By using a stem-and-leaf plot, we can quickly see how data is distributed and if there are any particularly large or small values that stand out.

Sample Mean Calculation

The sample mean helps us understand the average value of our dataset. To calculate it, we add up all the data values and divide them by the total number of values.
In mathematical terms, if our dataset is \( x_1, x_2, \ldots, x_N \), then the mean \( \bar{x} \) is given by \[\bar{x} = \frac{x_1 + x_2 + \cdots + x_N}{N}\]
For our dataset, we take the sum of values like 450, 452, 1254, etc., and divide by the total number of samples, which is 29. The calculated mean in this instance is approximately 1584.79.
This gives us a central value around which the data points are spread. It's helpful in comparing different data sets and giving a quick impression of their central tendency.

Standard Deviation

The standard deviation is a measure of how spread out the values in a dataset are around the mean. It tells us if the data points are close to the mean or spread out over a wide range.
For a sample with values \( x_1, x_2, \ldots, x_N \) and mean \( \bar{x} \), the standard deviation \( s \) is computed as:\[s = \sqrt{ \frac{1}{N-1} \sum_{i=1}^{N} (x_i - \bar{x})^2 }\]
In our example, the standard deviation comes out to approximately 939.02. This means on average, the measurements vary by about 939 from the mean. In practical terms:

• A smaller standard deviation means data points are very close to the mean.
• A larger standard deviation means they're spread further away.
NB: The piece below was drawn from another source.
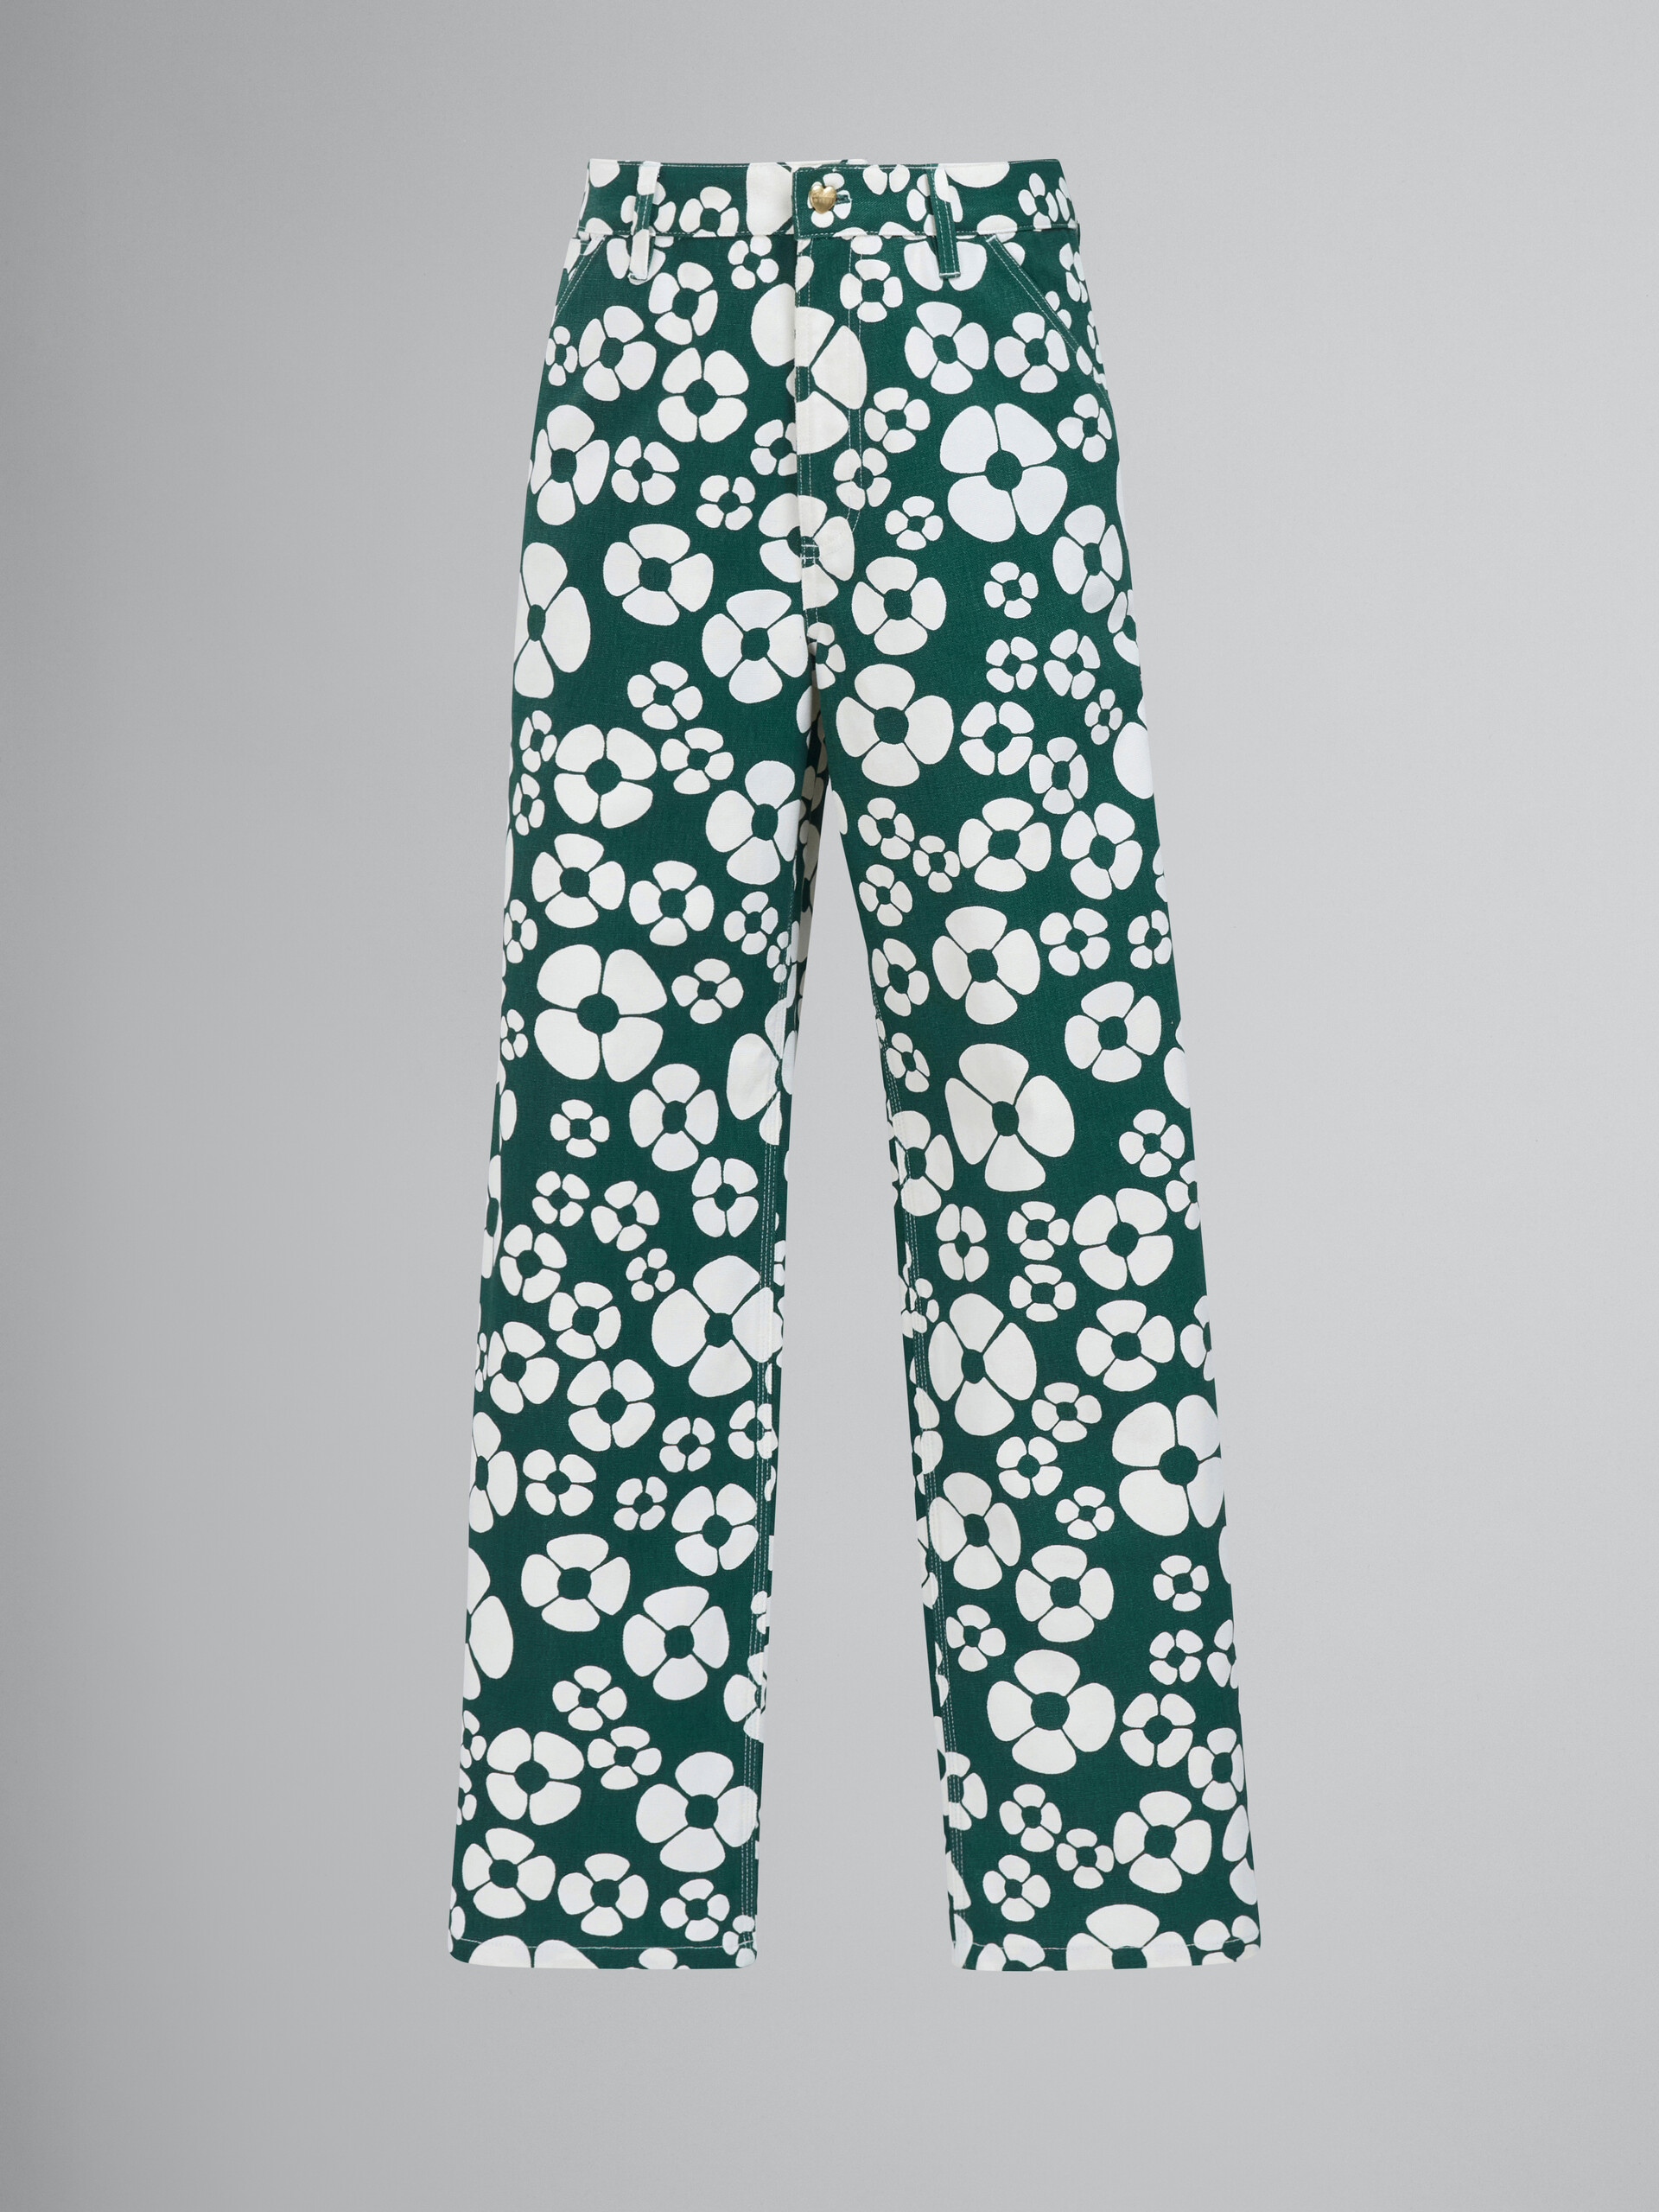 MARNI x CARHARTT WIP - Pantalón floral verde - Pantalones - Image 1

This is crucial in statistics because it provides insights into data variability and uncertainty.

Sample Median Calculation

The sample median is the middle value that separates the higher half from the lower half of a data sample. To find the median, we must first sort our data set in ascending order.
With a sorted list, if \( N \) (the number of data points) is odd, the median is the middle number. If \( N \) is even, it's the average of the two middle numbers.
For our dataset of 29 values, which is an odd number, the median is the 15th value when sorted. Sorting the values from smallest to largest gives us 450, 452, ..., leading up to 3469. Therefore, the median in this data set is 1364.

• The median provides a measure of central location that is resistant to extreme values.
• Unlike the mean, it is not affected by outliers like very large or very small numbers.

Using the median is very helpful in understanding datasets that might have skewed distributions or outliers.